BEGIN RECORDS PROVIDED

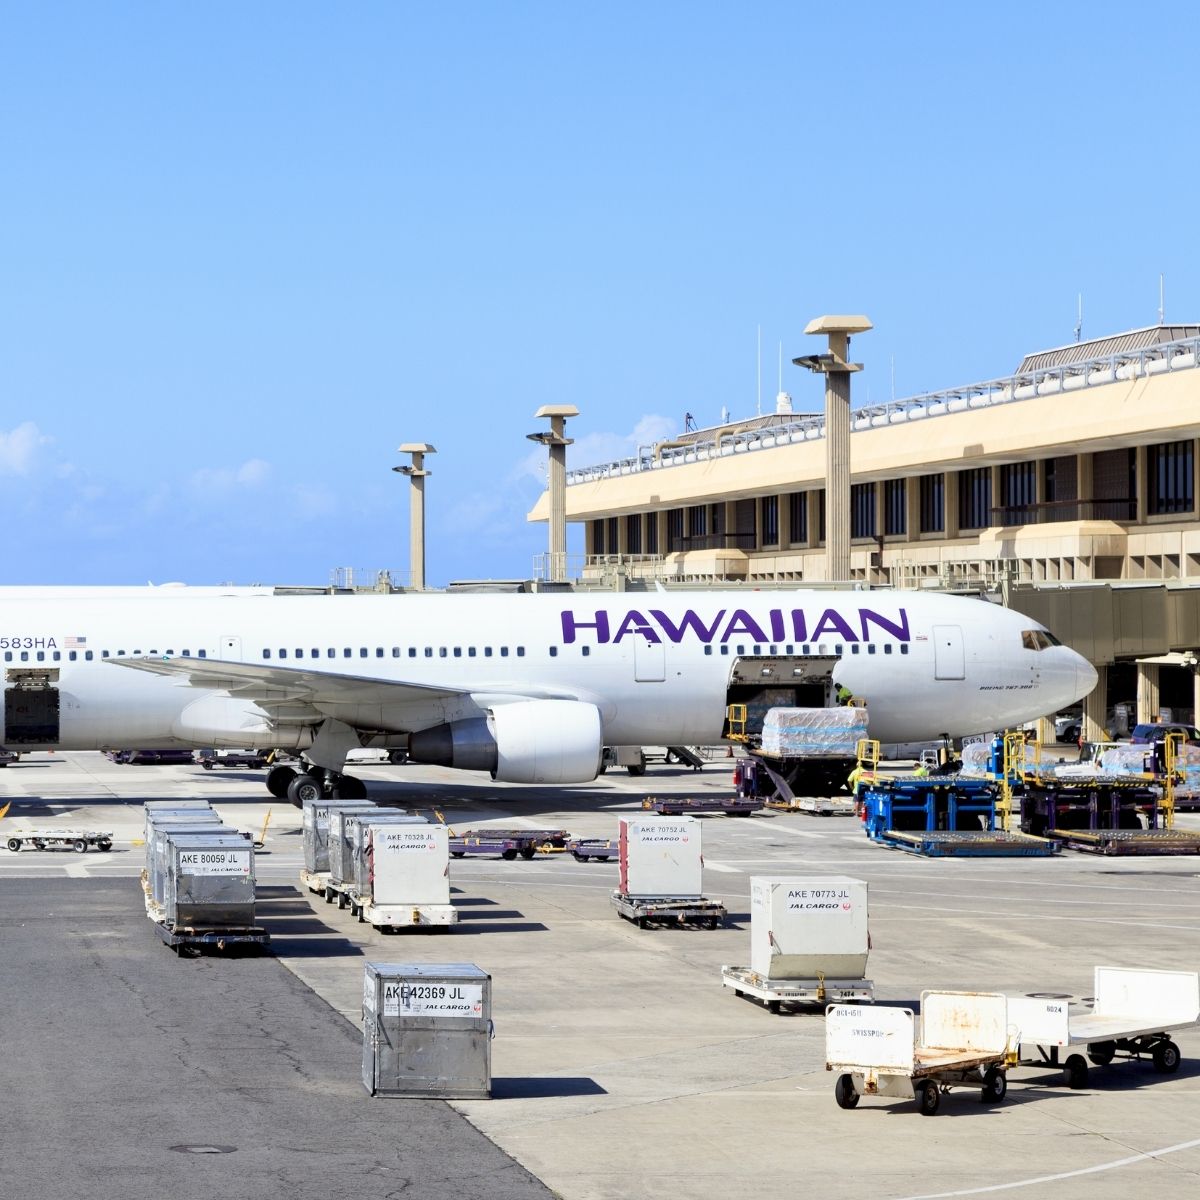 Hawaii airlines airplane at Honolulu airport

END RECORDS PROVIDED
BEGIN RECORDS PROVIDED

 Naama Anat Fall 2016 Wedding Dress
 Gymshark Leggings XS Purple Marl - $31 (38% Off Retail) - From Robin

END RECORDS PROVIDED

◆ **PROBLEM DESCRIPTION**: Beginning at the line with "Naama Anat Fall 2016 Wedding Dress" and stopping after the line with "Gymshark Leggings XS", please write out every line of the data above exactly and nothing else.

◆ **YOUR SOLUTION**:
 Naama Anat Fall 2016 Wedding Dress
 Gymshark Leggings XS Purple Marl - $31 (38% Off Retail) - From Robin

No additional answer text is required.